Input data →
== Segment start ==

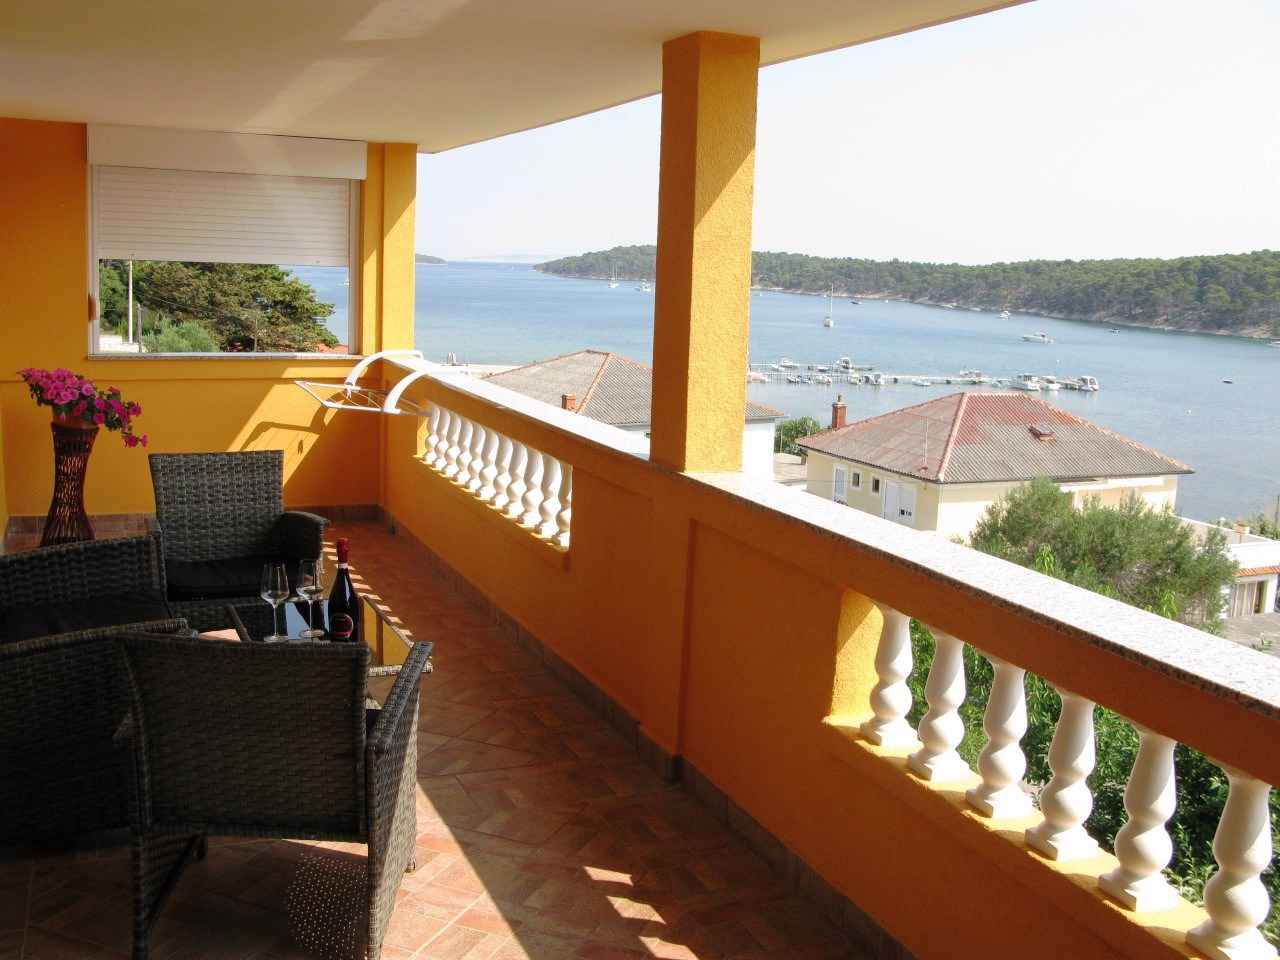 Ferienwohnung mit Balkon und Meerblick   kroatische Inseln
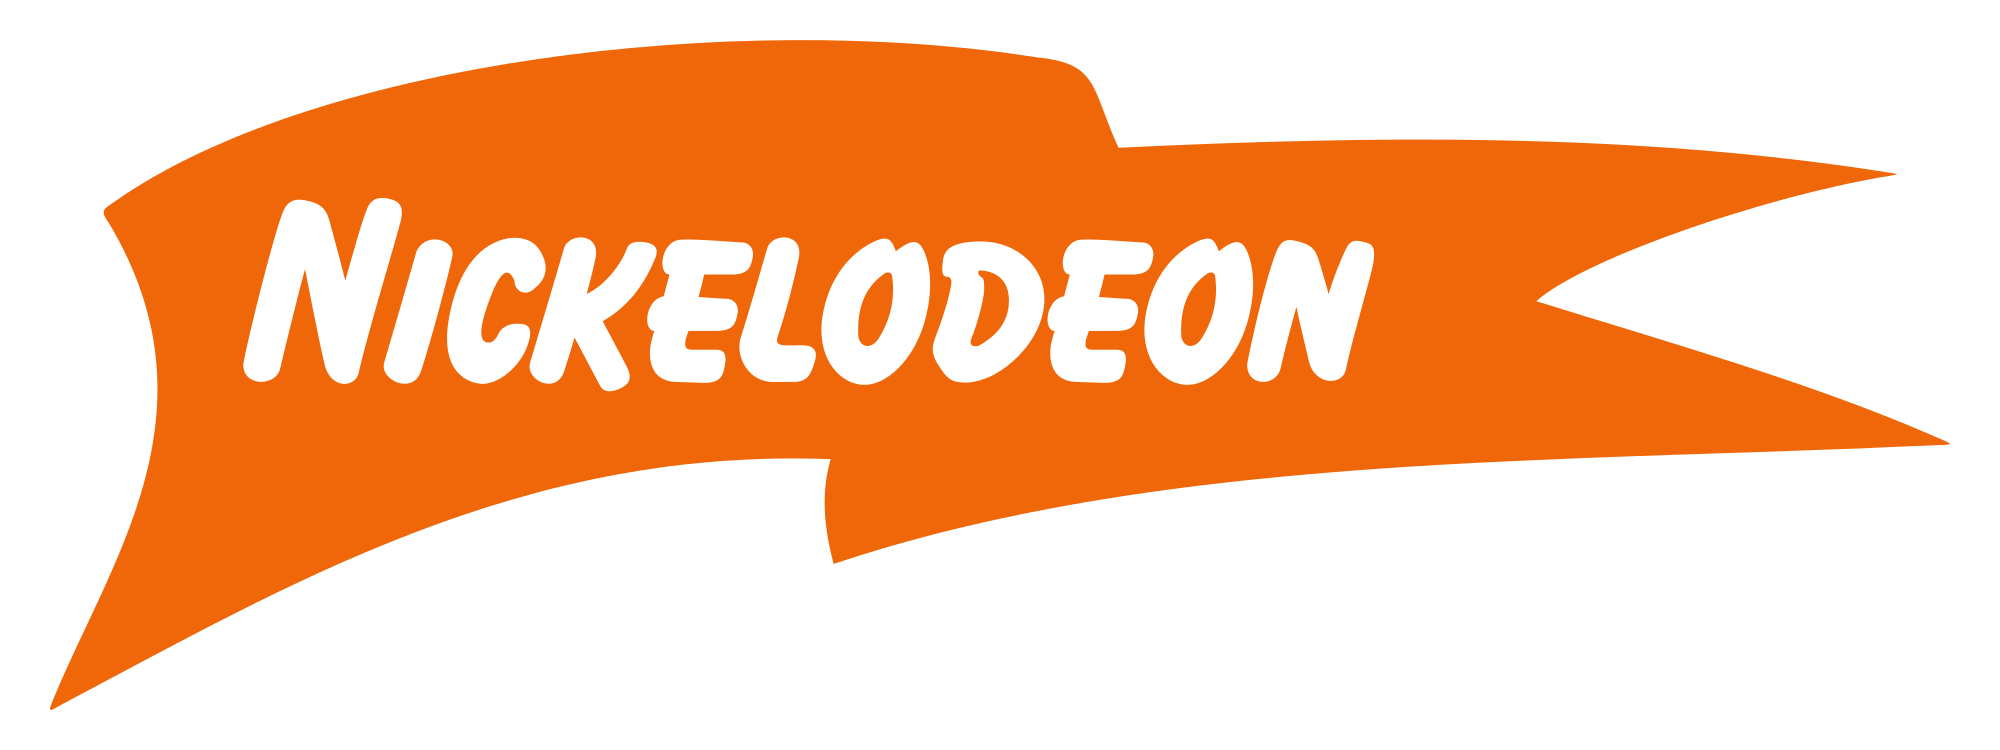 Nickelodeon Leaf Logo - Nickelodeon Leaf Logo
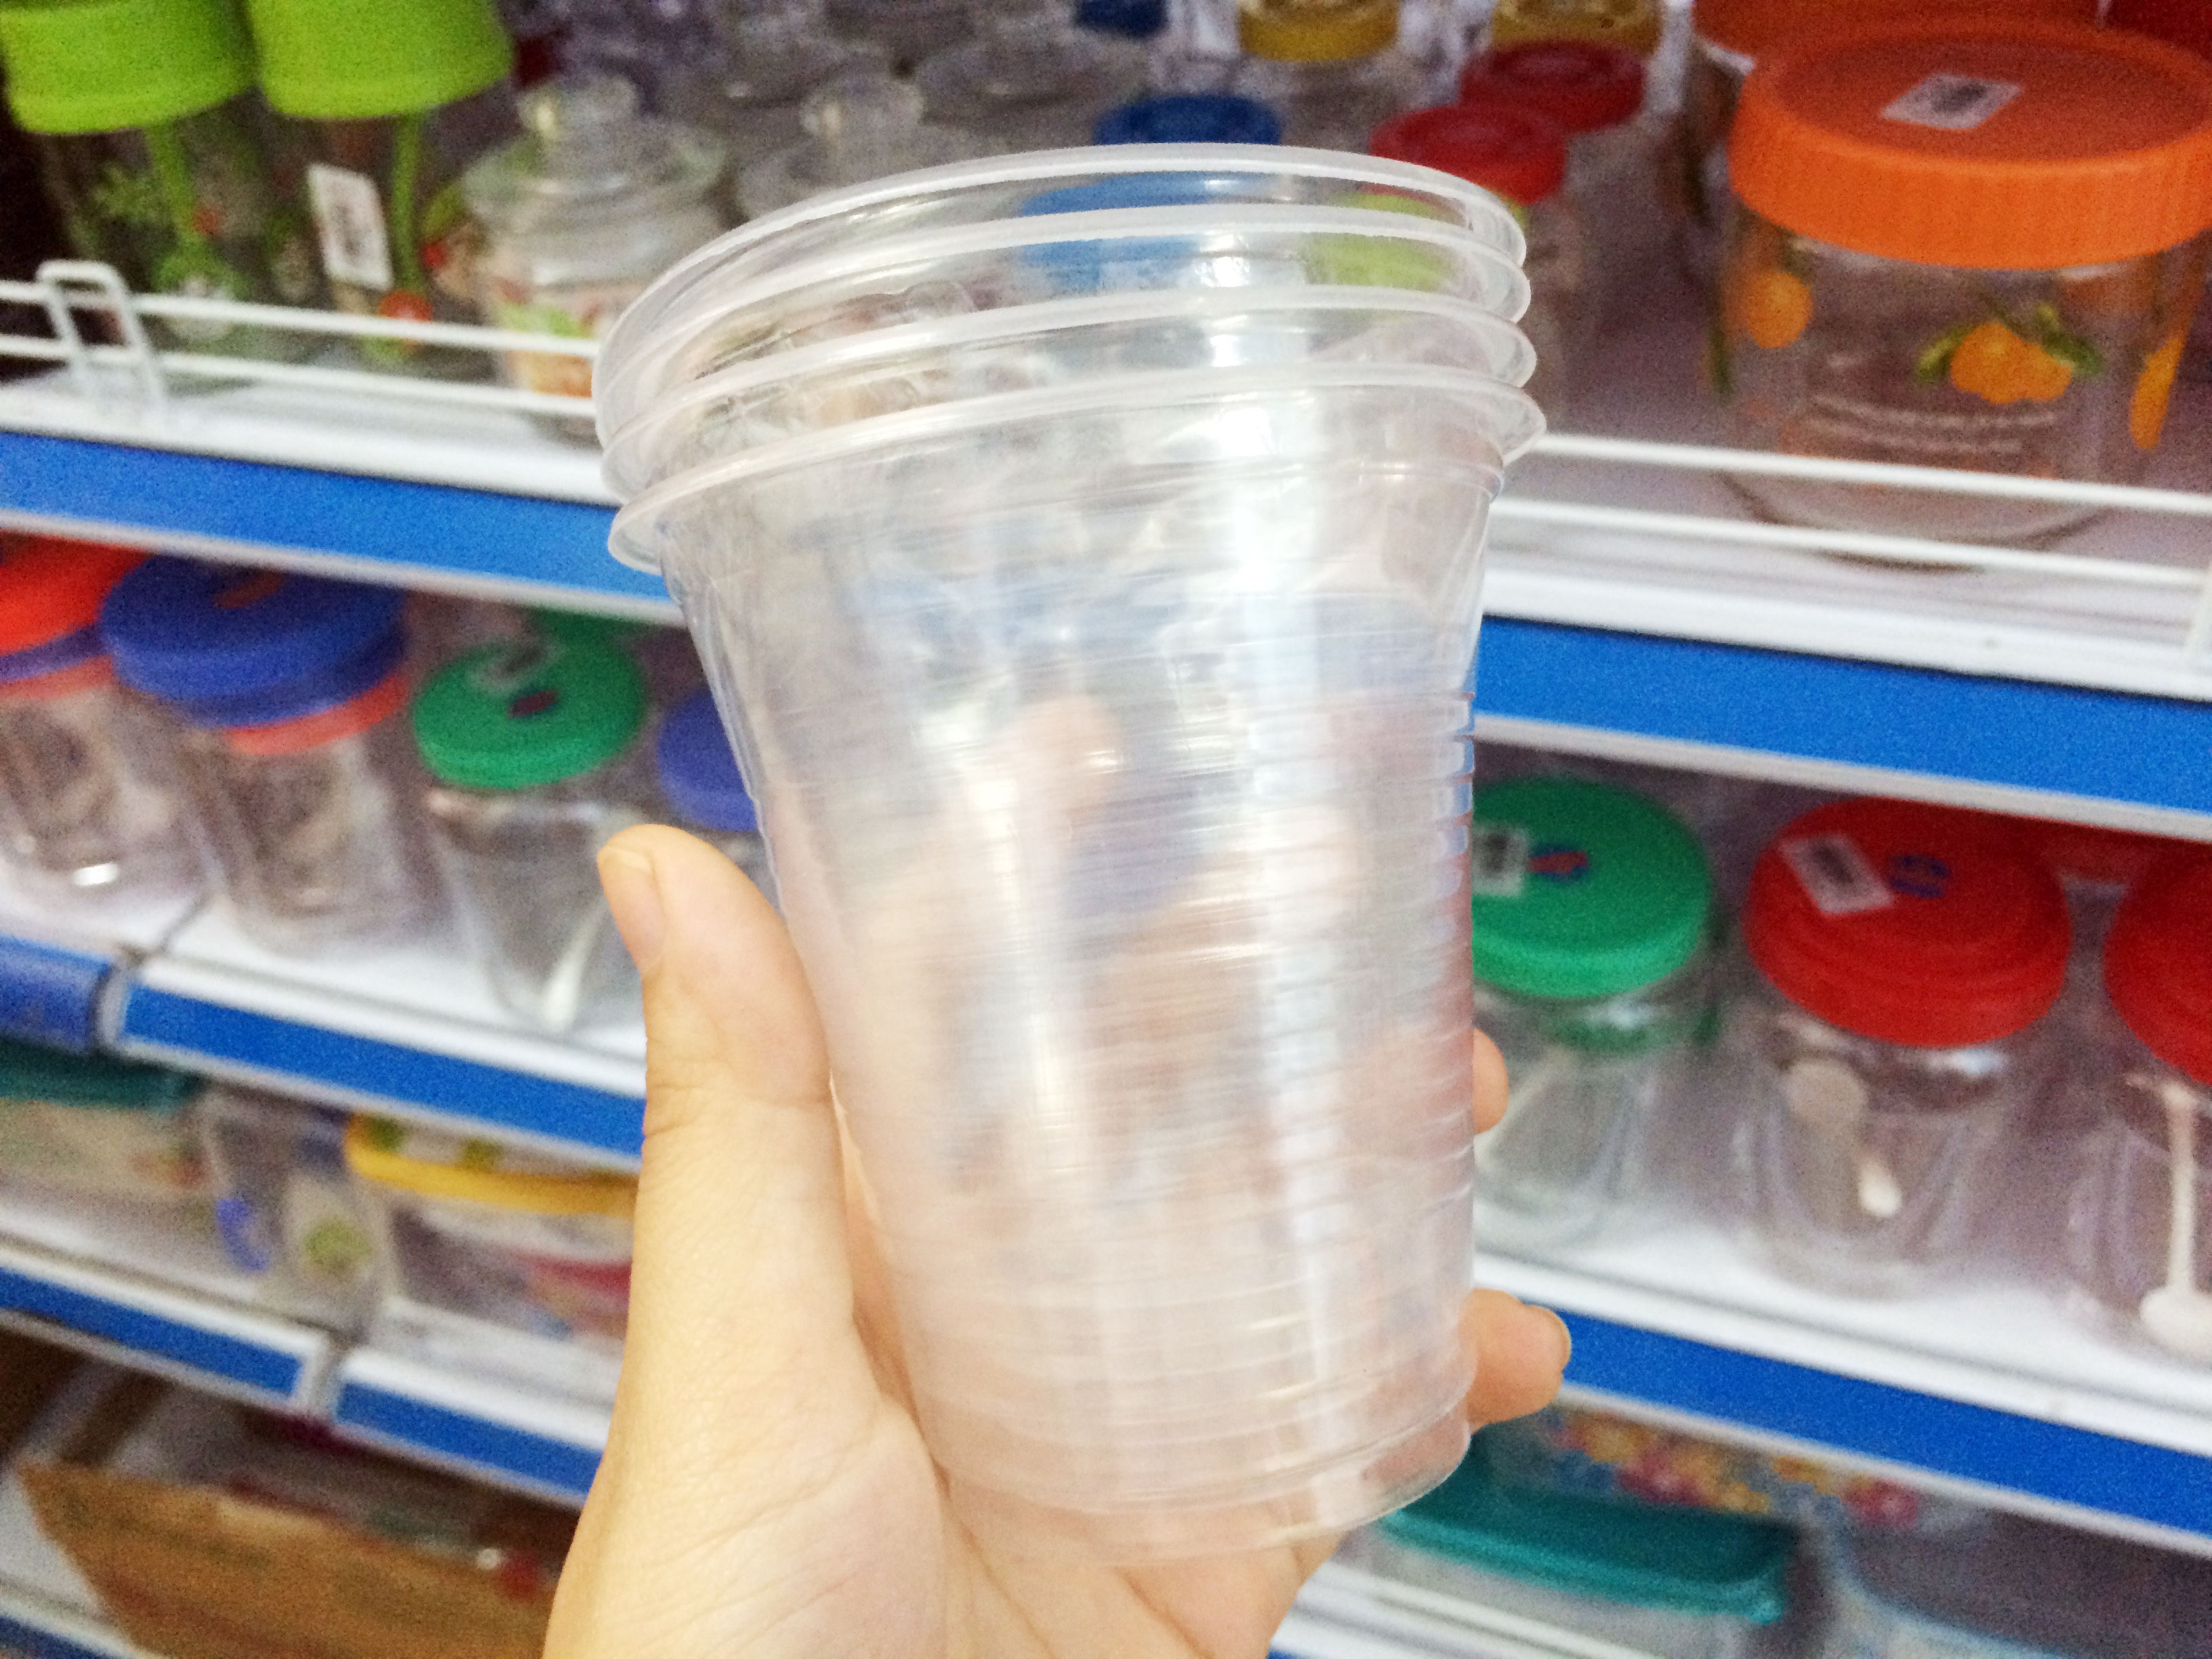 Đồ nhựa dùng một lần được bày bán tràn lan, người mua cần cẩn trọng

== Segment end ==

Task → What this calls for is the material above set down exactly, pictures excluded.

Solution for this problem →
 Ferienwohnung mit Balkon und Meerblick   kroatische Inseln
 Nickelodeon Leaf Logo - Nickelodeon Leaf Logo
 Đồ nhựa dùng một lần được bày bán tràn lan, người mua cần cẩn trọng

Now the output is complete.